• Data provided
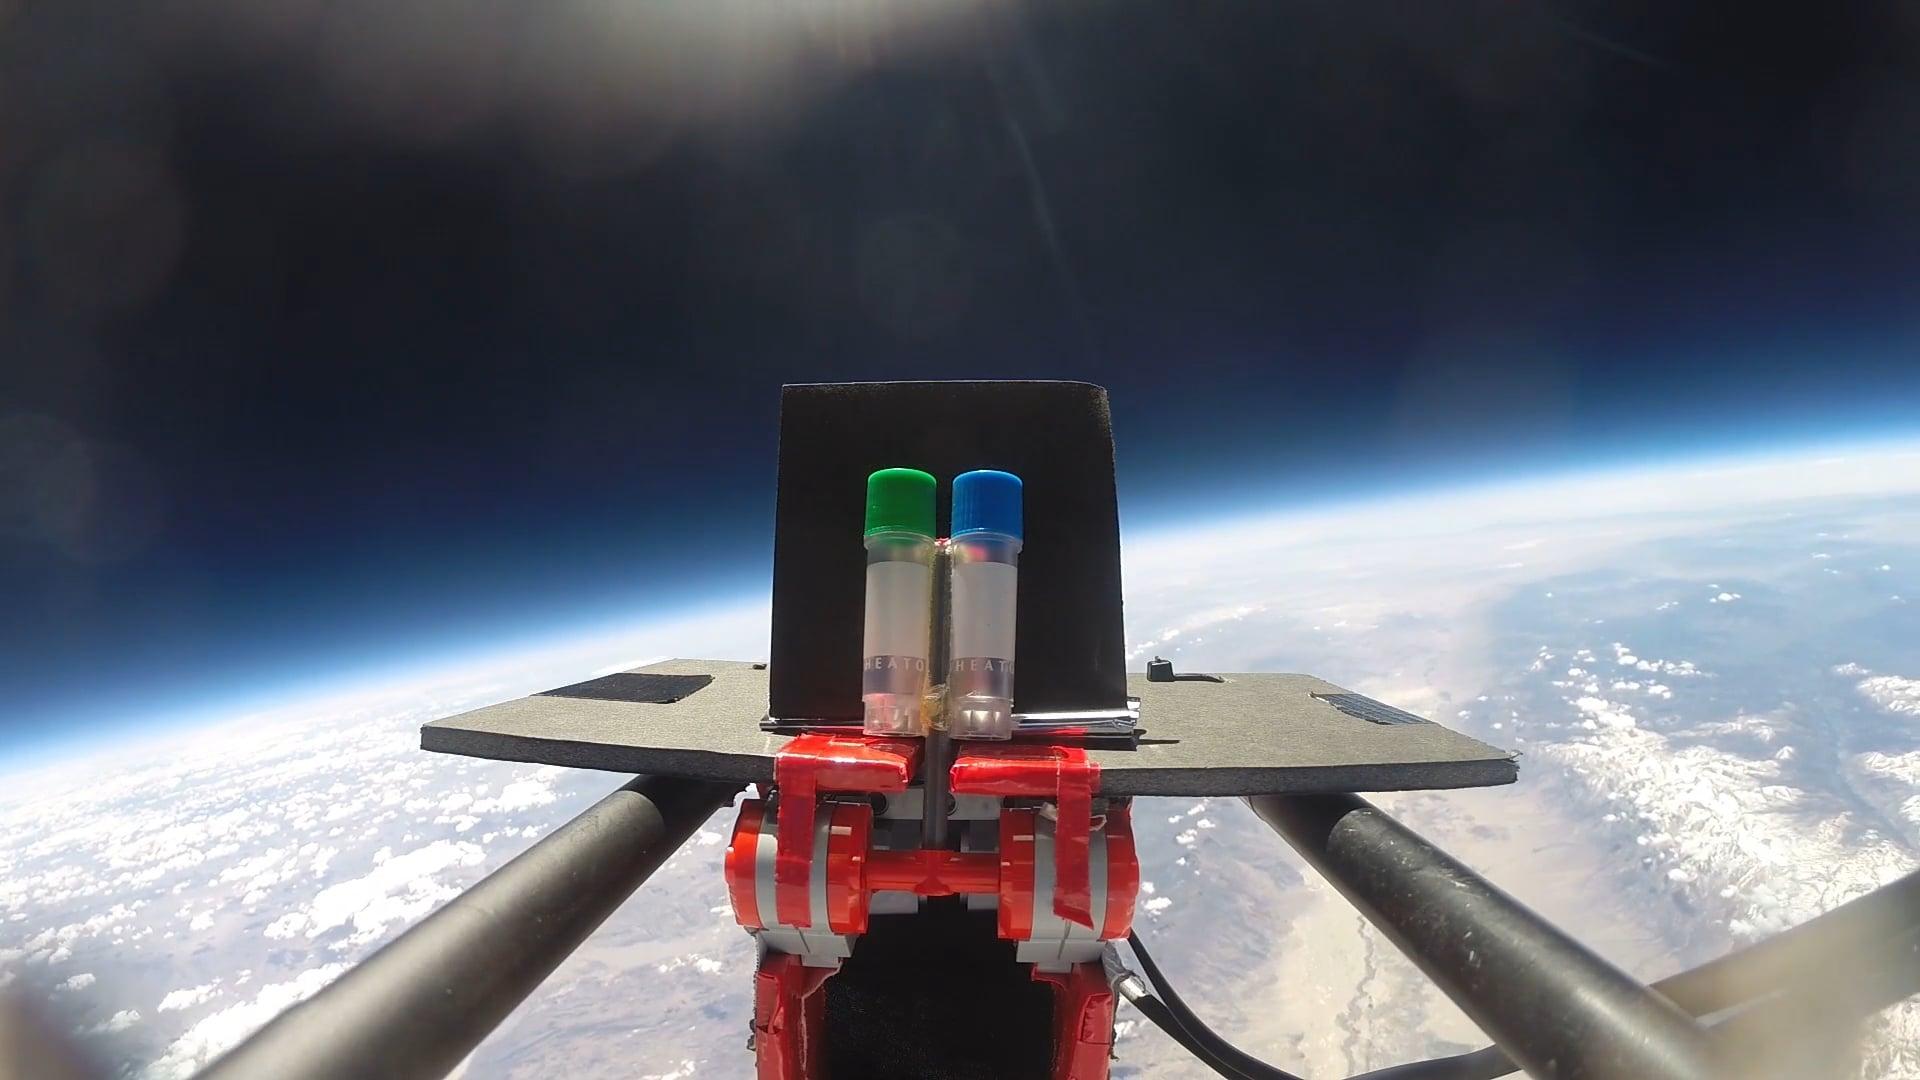 Aerobiology Research Robot
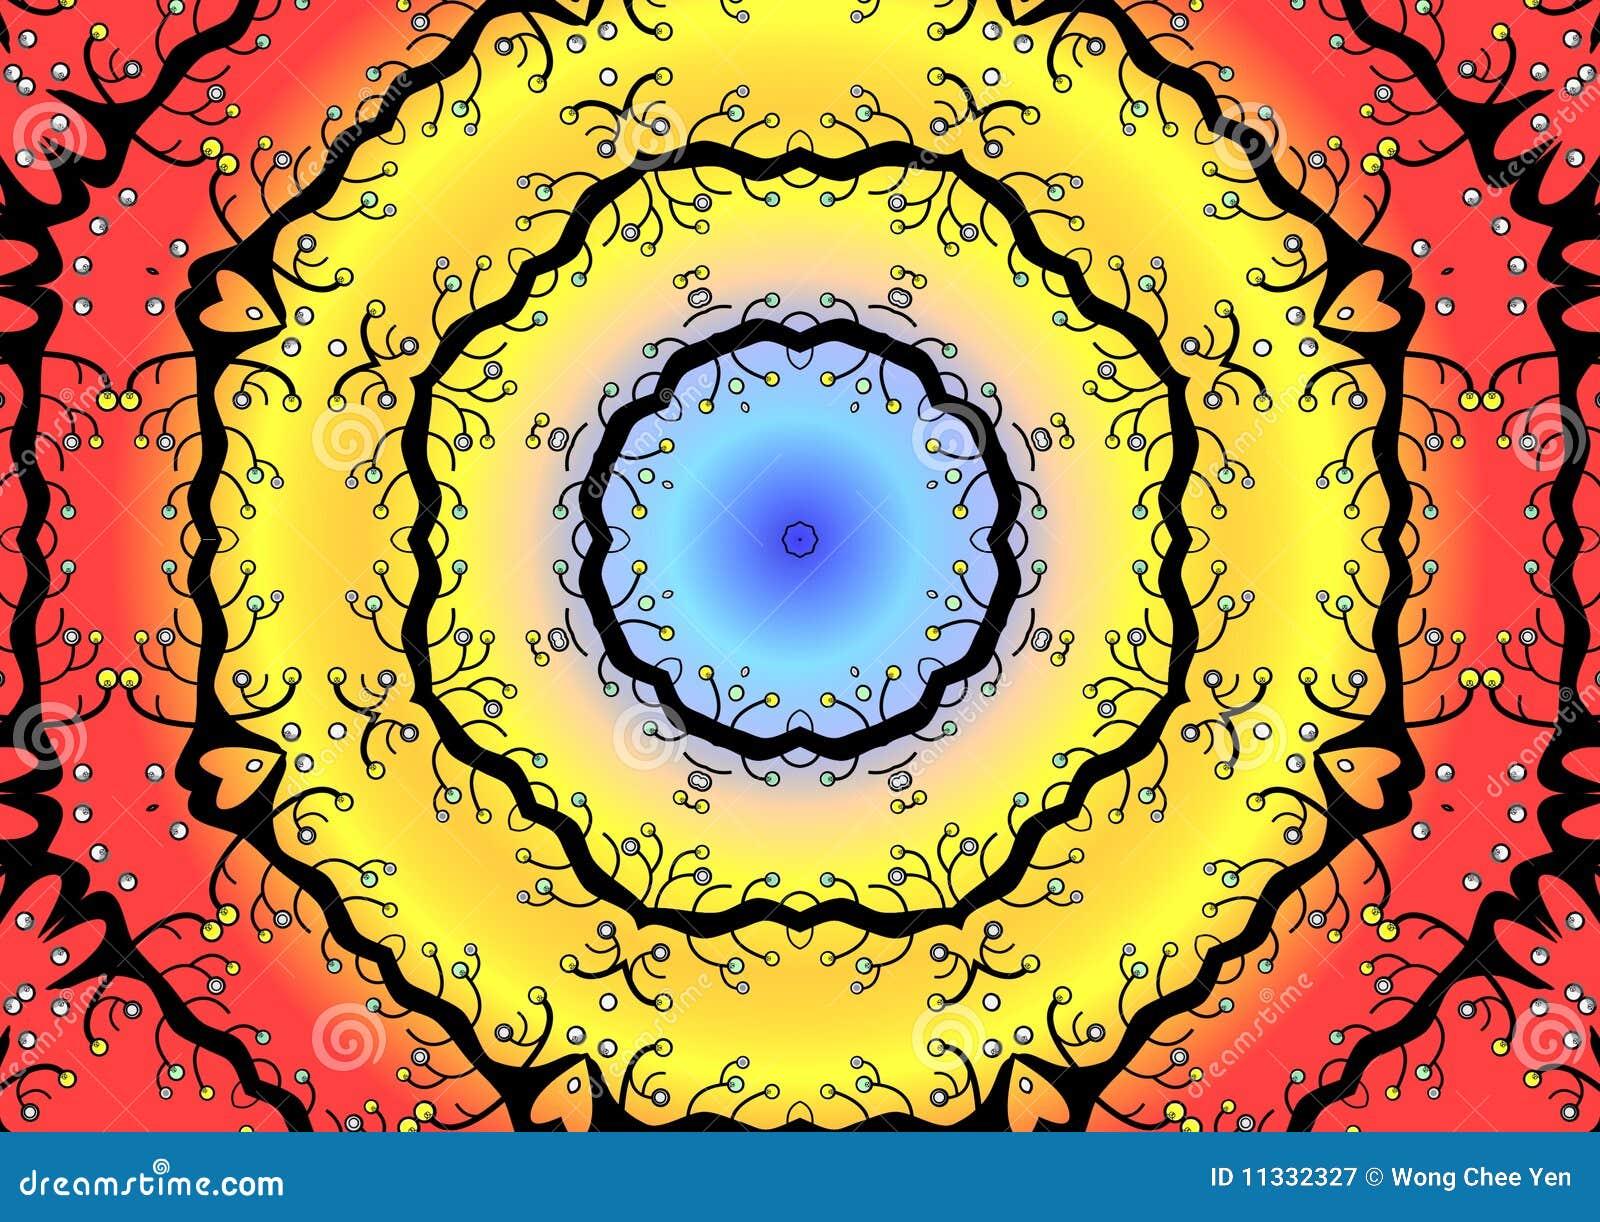 Colorful circular illustration
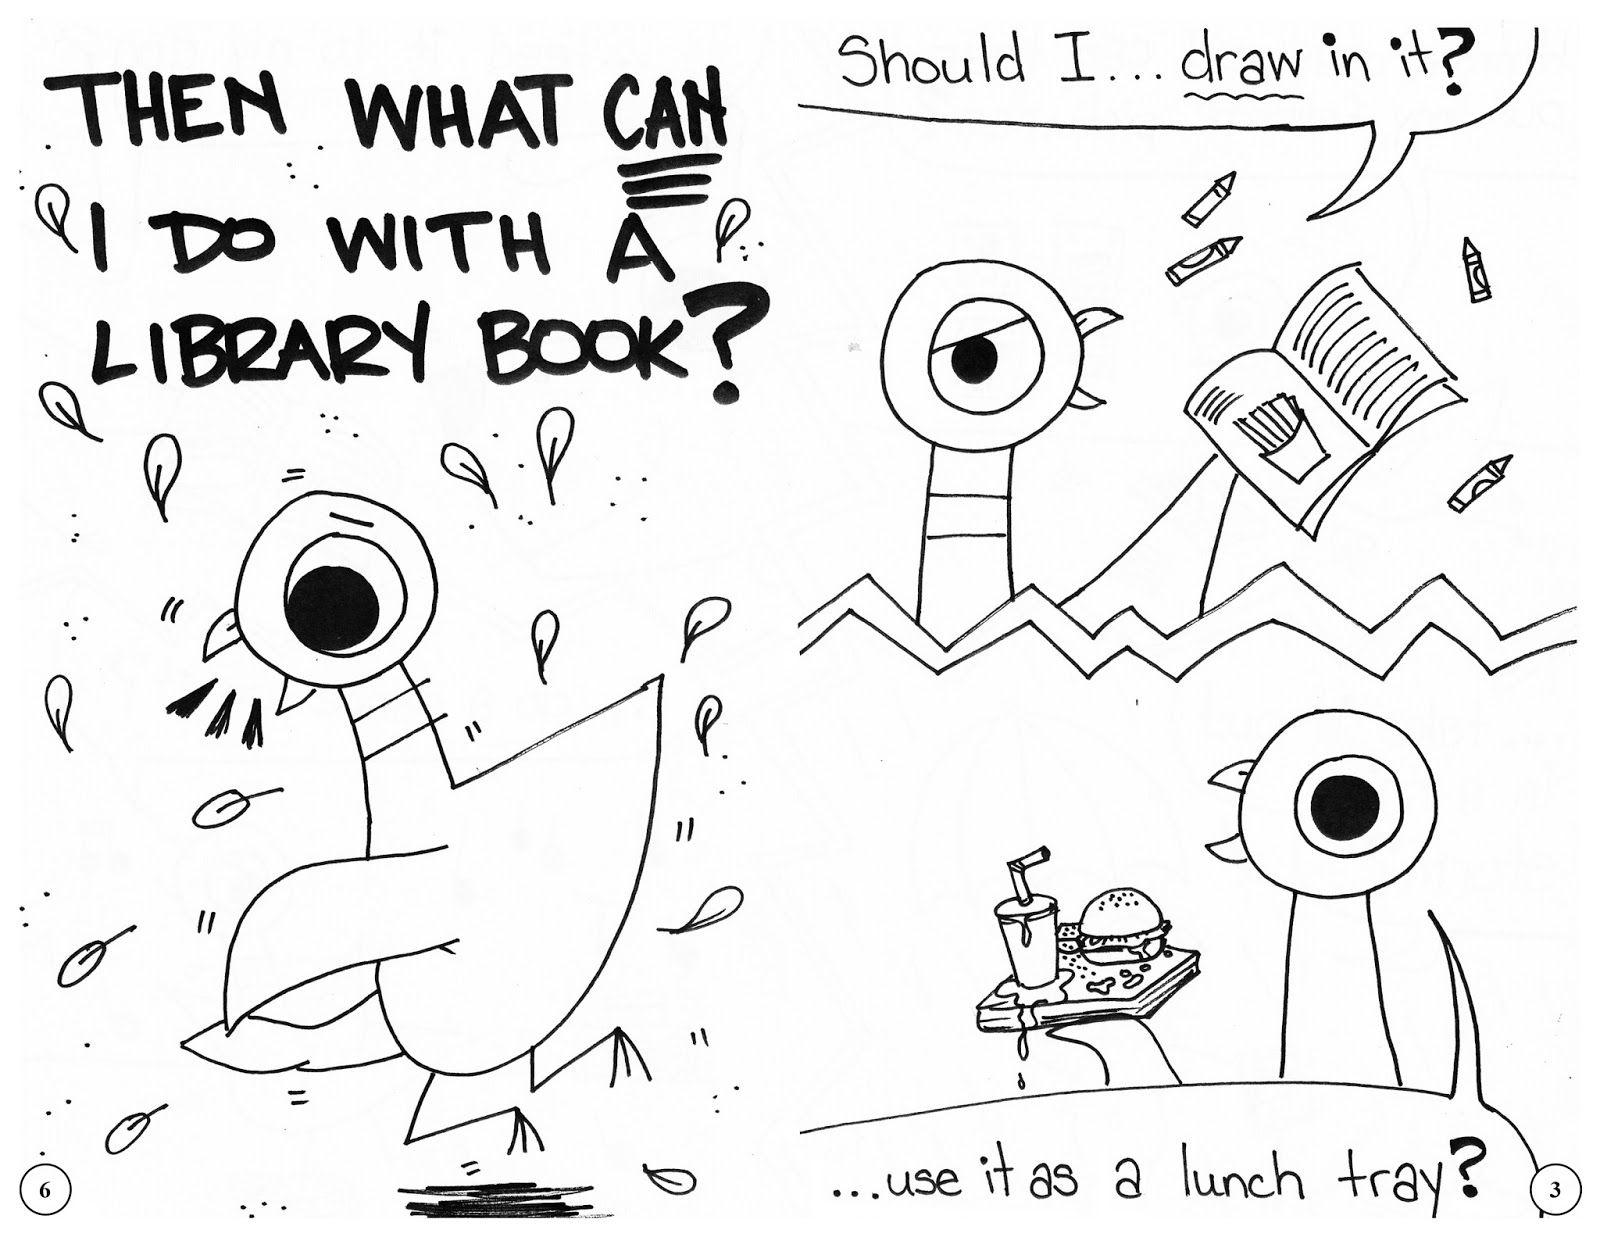 4 Bp Blogspot Com Cur8ztwdwui Vri4nysv6fi Aaaaaaaays4 Jdp25lo 9ye S1600 Pigeon 2bbook 2bpg 2b6 2ban Library Skills Kindergarten Library School Library Lessons

• Work order
Set down the material once more, exactly, with the pictures omitted.

• Answer space
 Aerobiology Research Robot
 Colorful circular illustration
 4 Bp Blogspot Com Cur8ztwdwui Vri4nysv6fi Aaaaaaaays4 Jdp25lo 9ye S1600 Pigeon 2bbook 2bpg 2b6 2ban Library Skills Kindergarten Library School Library Lessons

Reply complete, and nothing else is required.